Little Walter wrote that line for the song Last Night. I wished I never would say it out loud. It took me an extra day to be comfortable sharing this.
After thirteen years of the most reliable companionship of my life, our cat, Clover, has died. Just typing it is very emotional for me.
Erin and I got Clover more than thirteen years ago in Minnesota. We got a small kitten at the kennel and brought her home. She was a darling from the start.
Living far from where I grew up meant most of my friends were coworkers. It was hard to meet people outside of work when I worked such long hours. I met some wonderful people during my years in Minnesota, New York, and Arizona – but nobody who was there for me every single time.
About a week ago, Sarah asked me who my best friend was. I told her that I didn’t have one because I had so many great friends that it would be impossible for me to pick just one. That wasn’t completely true. The best friend I ever had never spoke a word to me and never left my side during my difficult times. Clover, a simple house cat, was the greatest friend I ever had.
Erin works hard. School and residency are very hard and keep you away from your family for years. During these lonely times in lonely places, Clover was always there for me. Whether we just sat on the couch, she sat on my feet, or she was protecting me from a dangerous moth – she was there.
She actually did find a scorpion in the house once. I must say that was the most helpful thing she could have done.
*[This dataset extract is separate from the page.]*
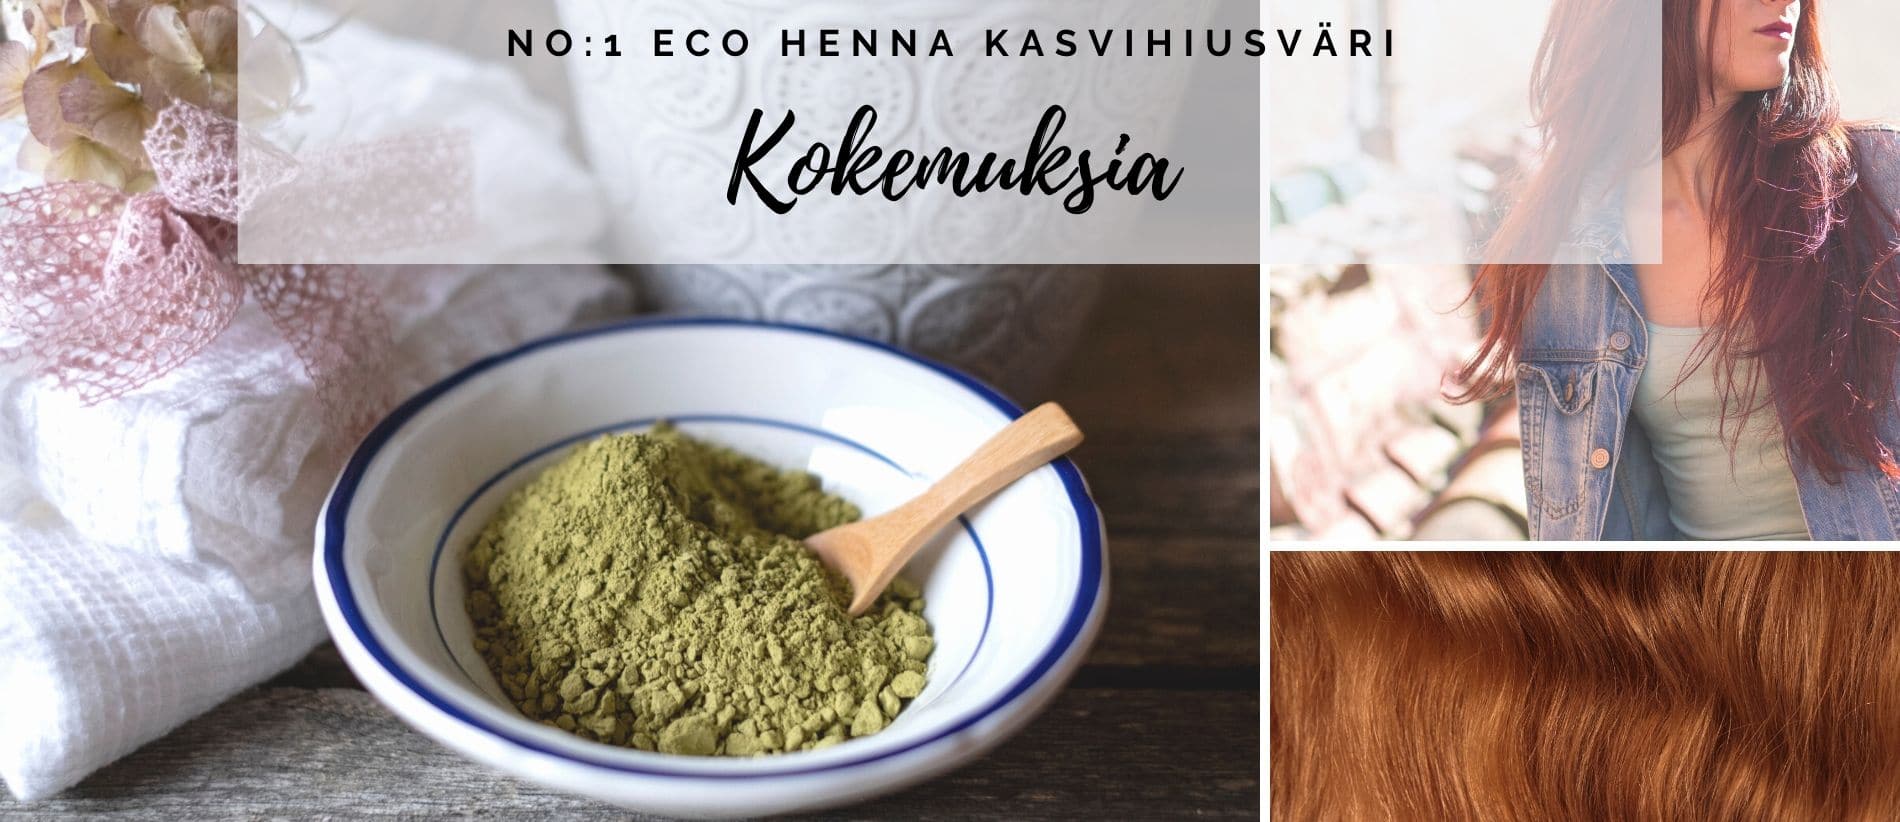 No_1 Eco Henna kasvihiusväri kokemuksia

Once, a ladybug got into our Albany apartment. Clover chased it around the house and managed to catch it. She walked up to me with it proudly in her mouth. She then “meowed” and it flew off her tongue back into the house. I always thought this was so cute.
Another time, also in Albany, our terrible apartment had ill-fitting window screens. Clover jumped up on one and it fell with her attached down two stories! She landed on a bush. I remember looking out the window at her, still attached to the screen, looking up at me letting out a big deep wail. I ran down in the darkness and grabbed her. I asked for new screens and when the complex refused I glued them all in place.
When Sarah was born four years ago, Clover was forced into the back room. She was scared of the new and noisy character in the home. Of course, kids multiply, get bigger, and more curious. And as cats get older, they get more shy. The last few years of Clover’s life were a mix of hiding in our bedroom and poking a head out to say hello when the kids were in school or asleep. It wasn’t ideal but we gave her the best we could.
I discovered that I am allergic to cats when Clover was about four years old. I didn’t think for a second that she would leave my life for my comfort, instead she would go when the time was right and the allergy symptoms were just part of life.
I spent far less time with her during her final years. If I was awake, so were the kids and she was too shy for their noise. I shower in the evenings and she had a habit of waiting for me outside the bathroom door. I’d open the door and she’d plop down on her side so I could rub her belly. We had done this for as long as I can remember. I’m not looking forward to getting out of the shower tonight.
Clover was wonderful and sweet. She had beautiful eyes. I will forever cherish the time we spent together, not saying a word.